Sunday, October 18, 2009

Whoopty whoop!!

Hey howdy who, Everybody! Guess what? *what?* I've lost 2 INCHES in my GUT FLAB alone!!!! YAY!! I'm still 234.8 lbs. but, I'm sooooo muscly it's like I ate the female body builders president. But, with the good, has to come some bad.

I totally binged like I've never binged before. I TOOK IN 720 EXTRA CALORIES IN ONE DAY. Not cool, y'all. I had to add it up to see how much I'd actually eaten, foolishly hoping that it'd be like, 200 calories or something. After seeing the caloric intake, I just couldn't bear to see the fat intake so I chickened out, and I don't have that information. :( Man, I feel like a failure. The worst part is, it made me that much farther from escaping from my emotional eating disorder whatchamacallit. I binged when I was angry. Not a good thing. I kept venting my frustrations and shoving cookies and potatoe chips down my hatch. I even drank REGULAR soda! I just reached in the fridge and conciously grabbed a regular pop. Oi! This isn't going to be a fun weigh-in tomorrow. I can just see it now, 236.8 lbs. My scale might just break.
Too bad I can't time travel. I totally would, too.

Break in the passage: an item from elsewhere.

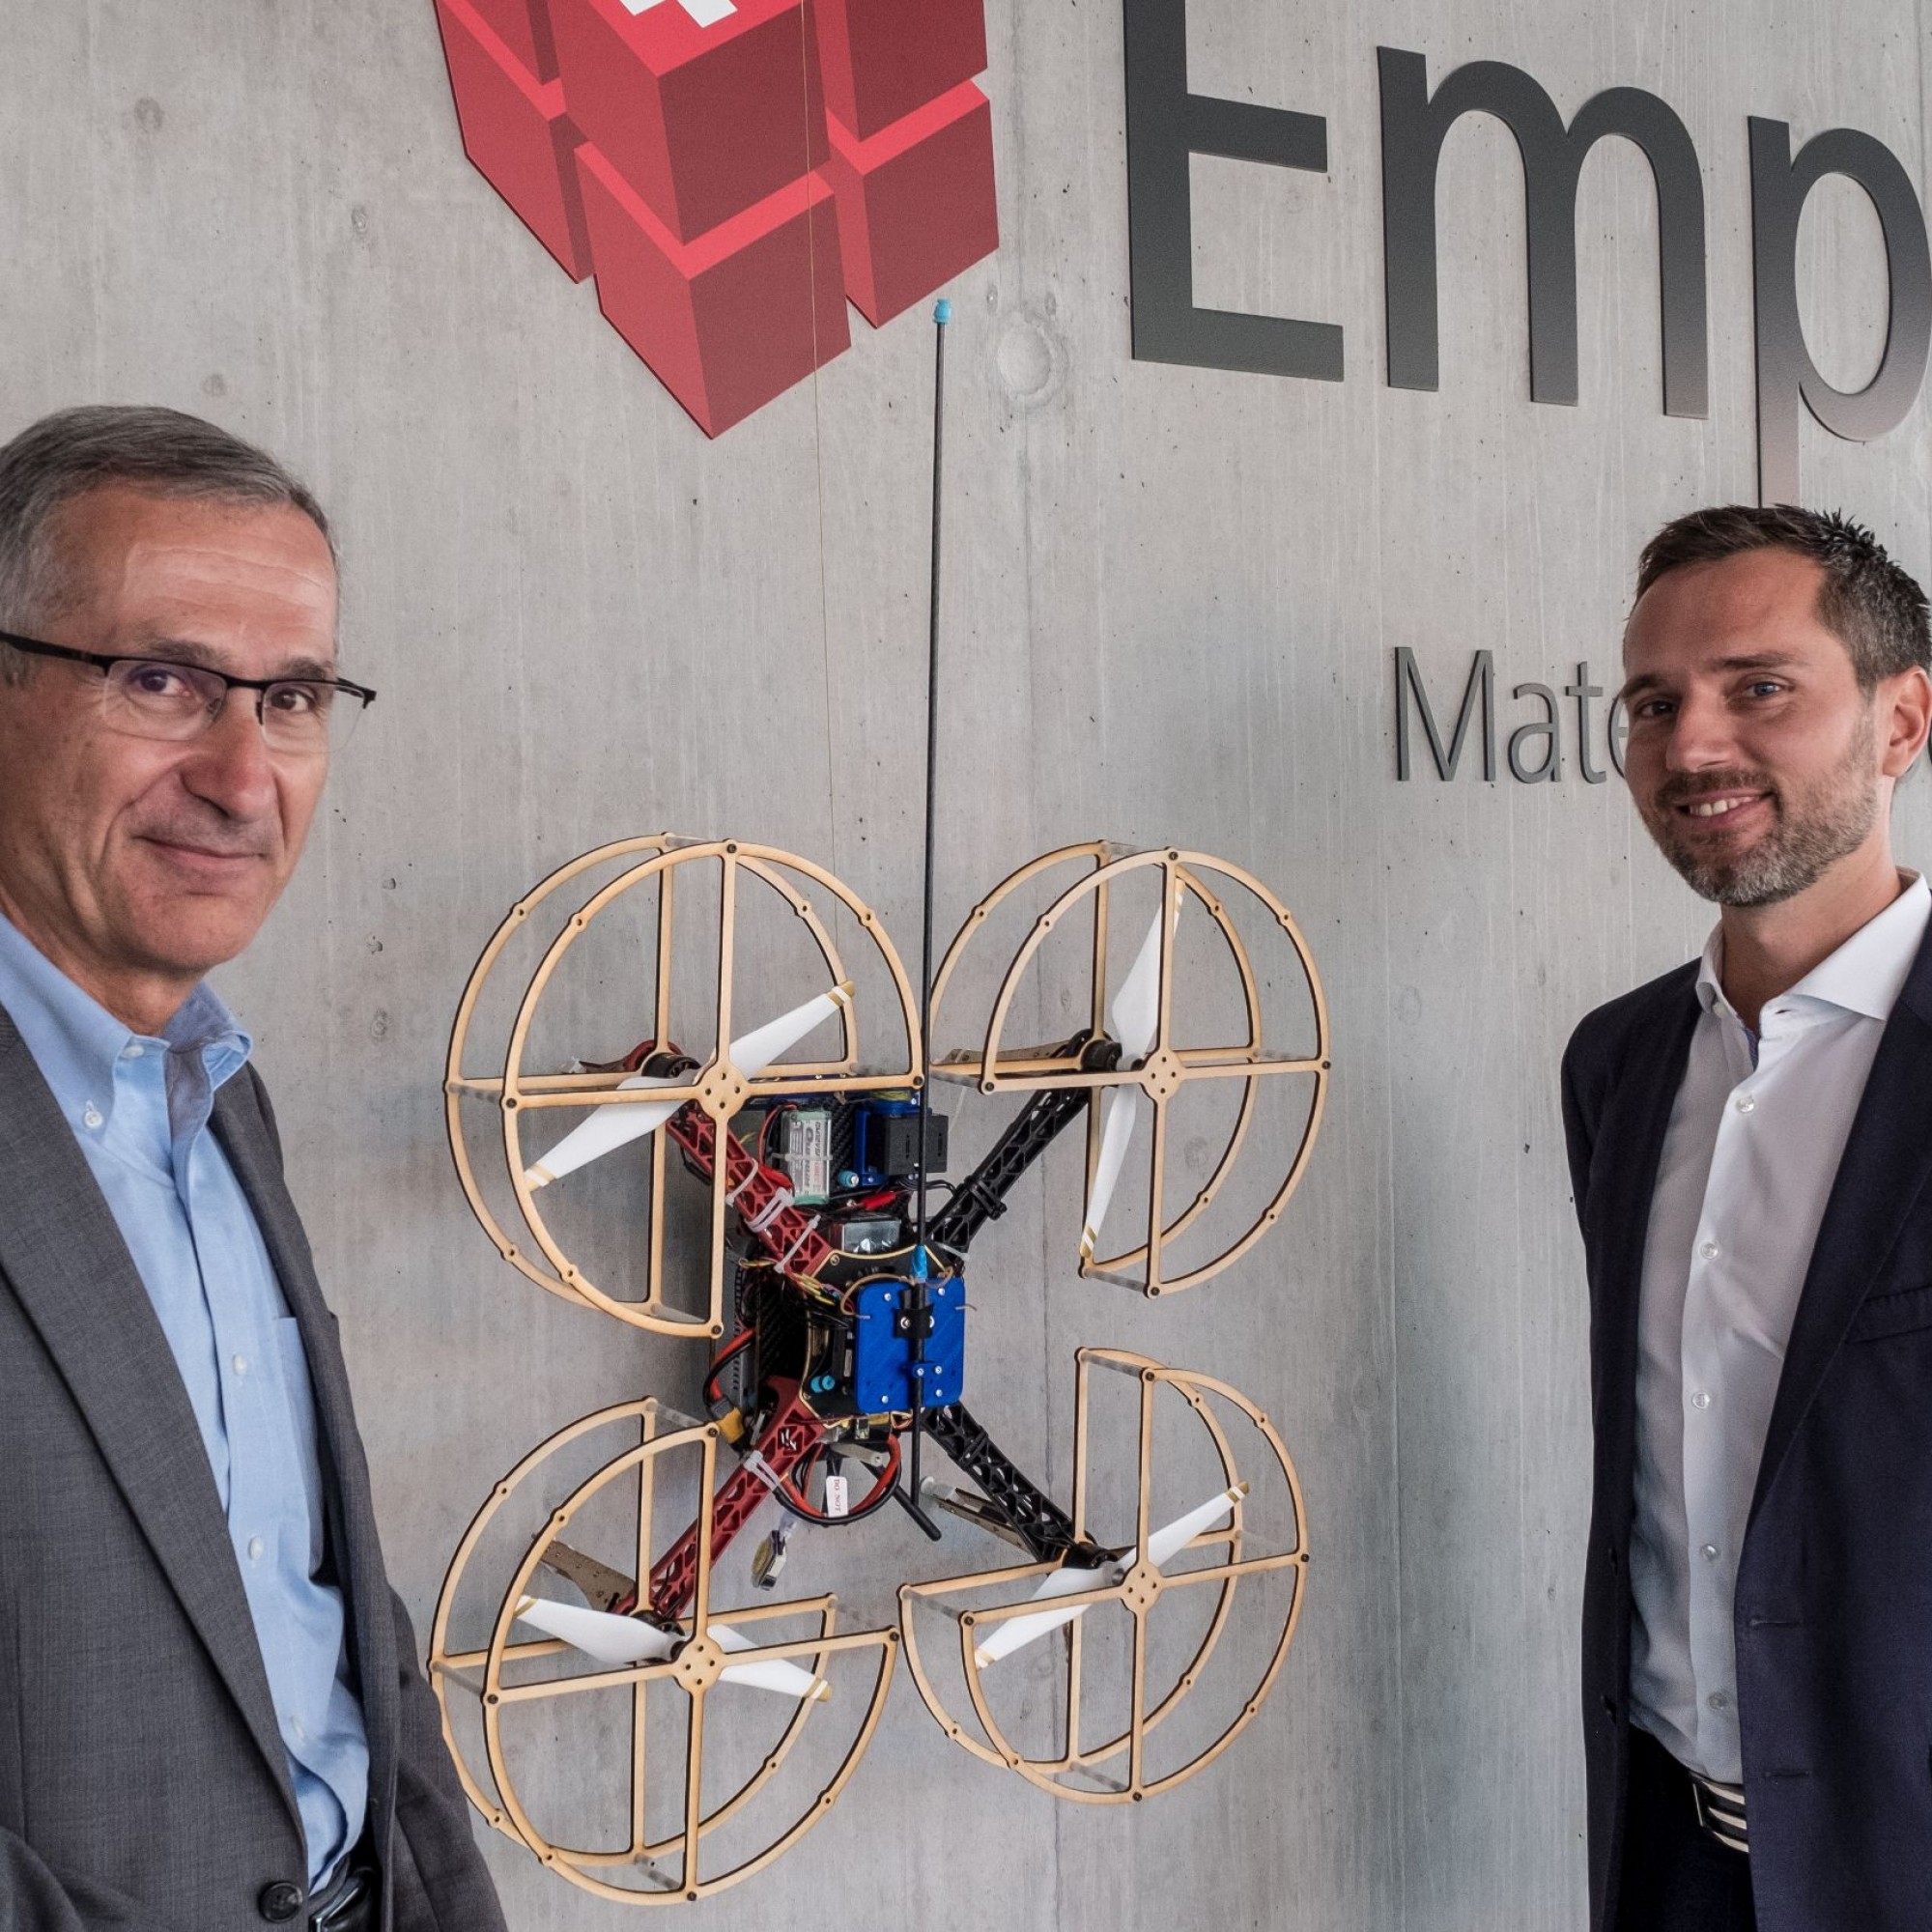 Gian-Luca Bona, CEO der Empa, und Mirko Kovac, Direktor des Aerial Robotics Lab am Imperial College London.

Man, Mistakes are the reasons we can't sleep some nights.

Stay Fit, (unlike me)
Sarah

1 comment:

  1. Everyone makes mistakes, so don't beat yourself up over it. It will be ok.

    Next time you feel like binging try chewing gum, go outside and get away from the kitchen, scream into a pillow, or write in a journal what you're upset about. Just do whatever you have to do to stay away from the bad food.

    Today is a new day and a new start. Look in the mirror and tell yourself "I love you"

    Keep your head up, your goal is still reachable.